Activity
Reproduce word for word the lines between those holding "Black/African American vs" and "Farmhouse Striped Boho", inclusive, and nothing else from the data below.

Extracted entries
########################################
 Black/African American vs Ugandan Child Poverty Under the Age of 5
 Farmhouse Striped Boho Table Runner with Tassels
########################################
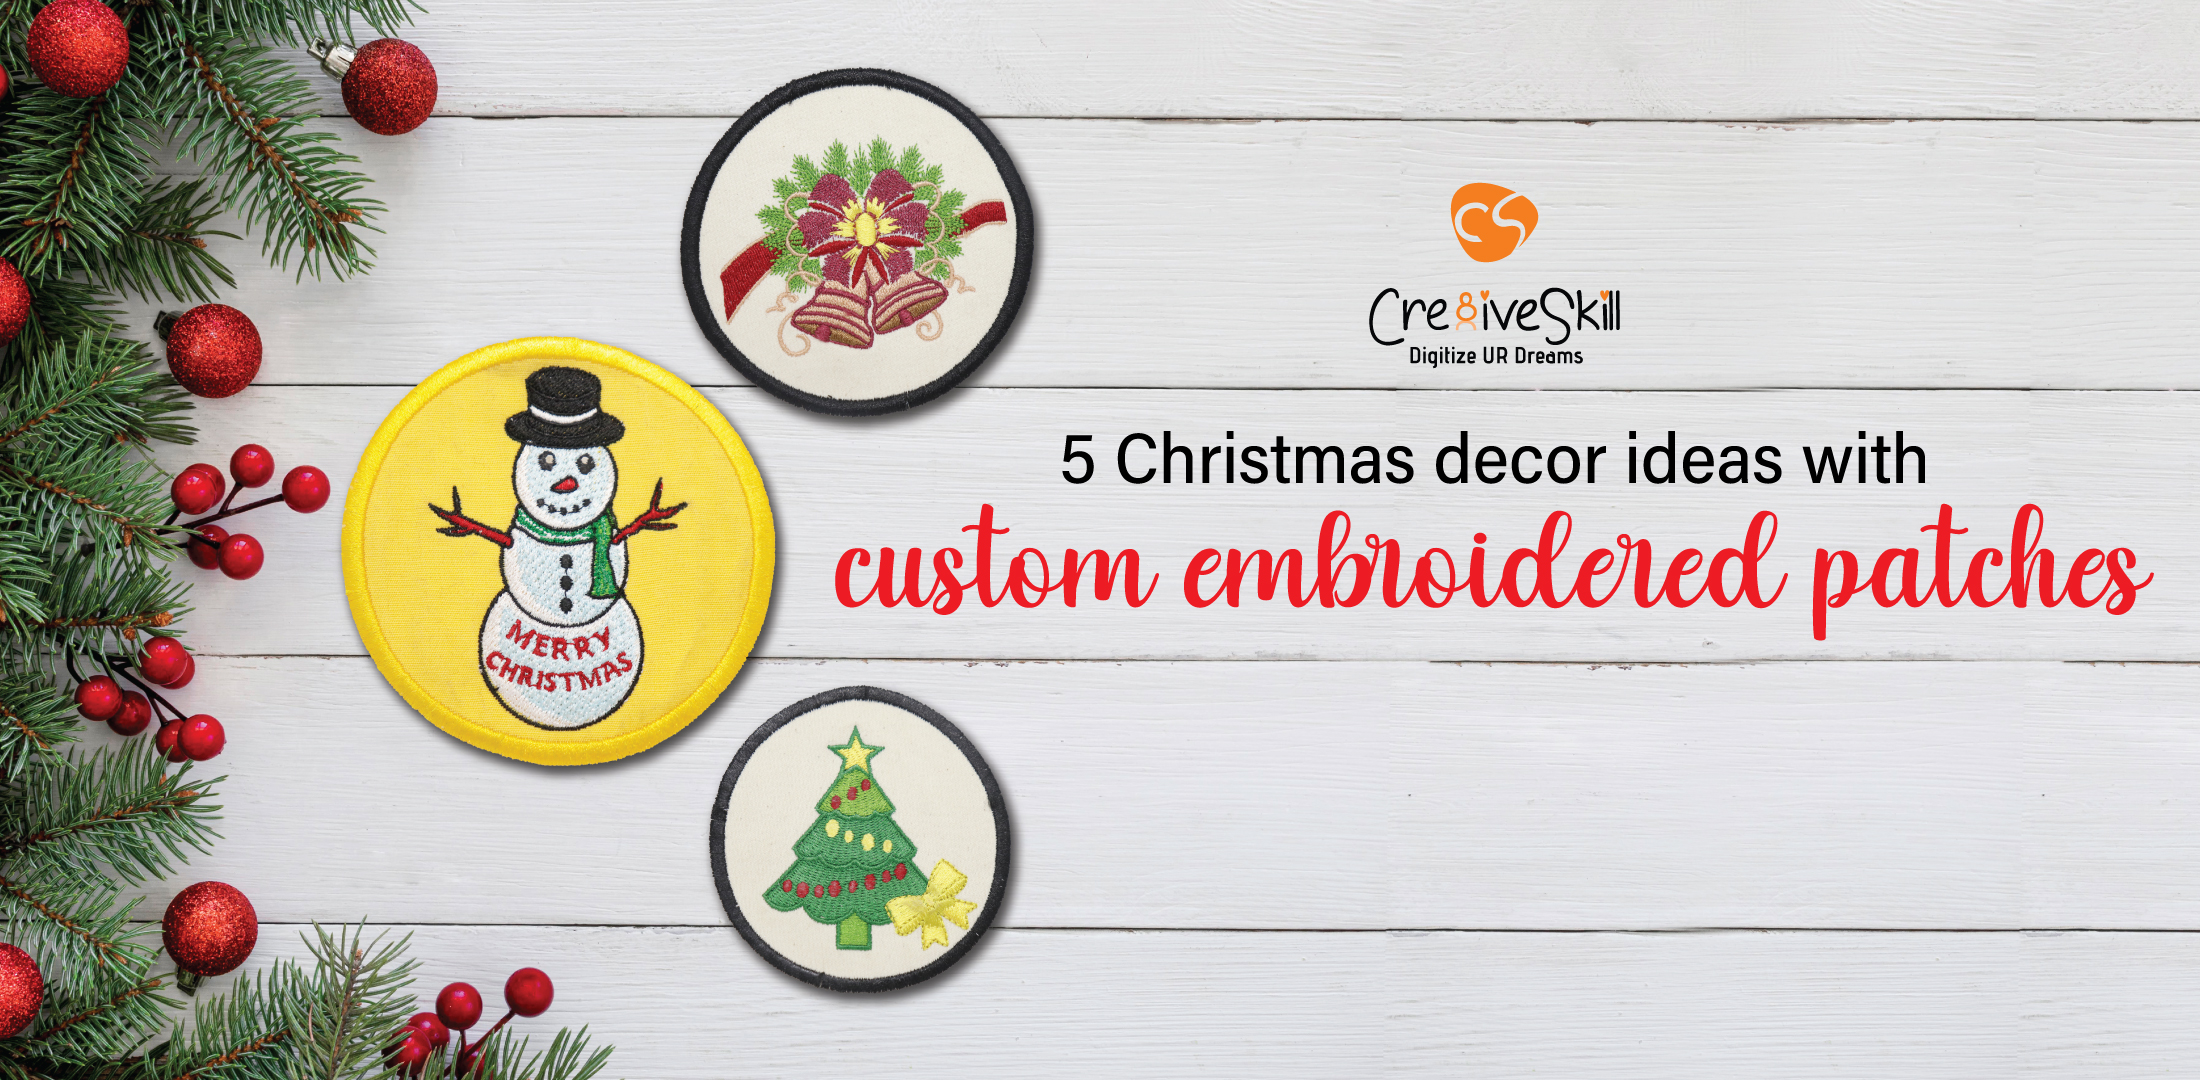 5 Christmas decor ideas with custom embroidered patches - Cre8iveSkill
########################################
Output
 Black/African American vs Ugandan Child Poverty Under the Age of 5
 Farmhouse Striped Boho Table Runner with Tassels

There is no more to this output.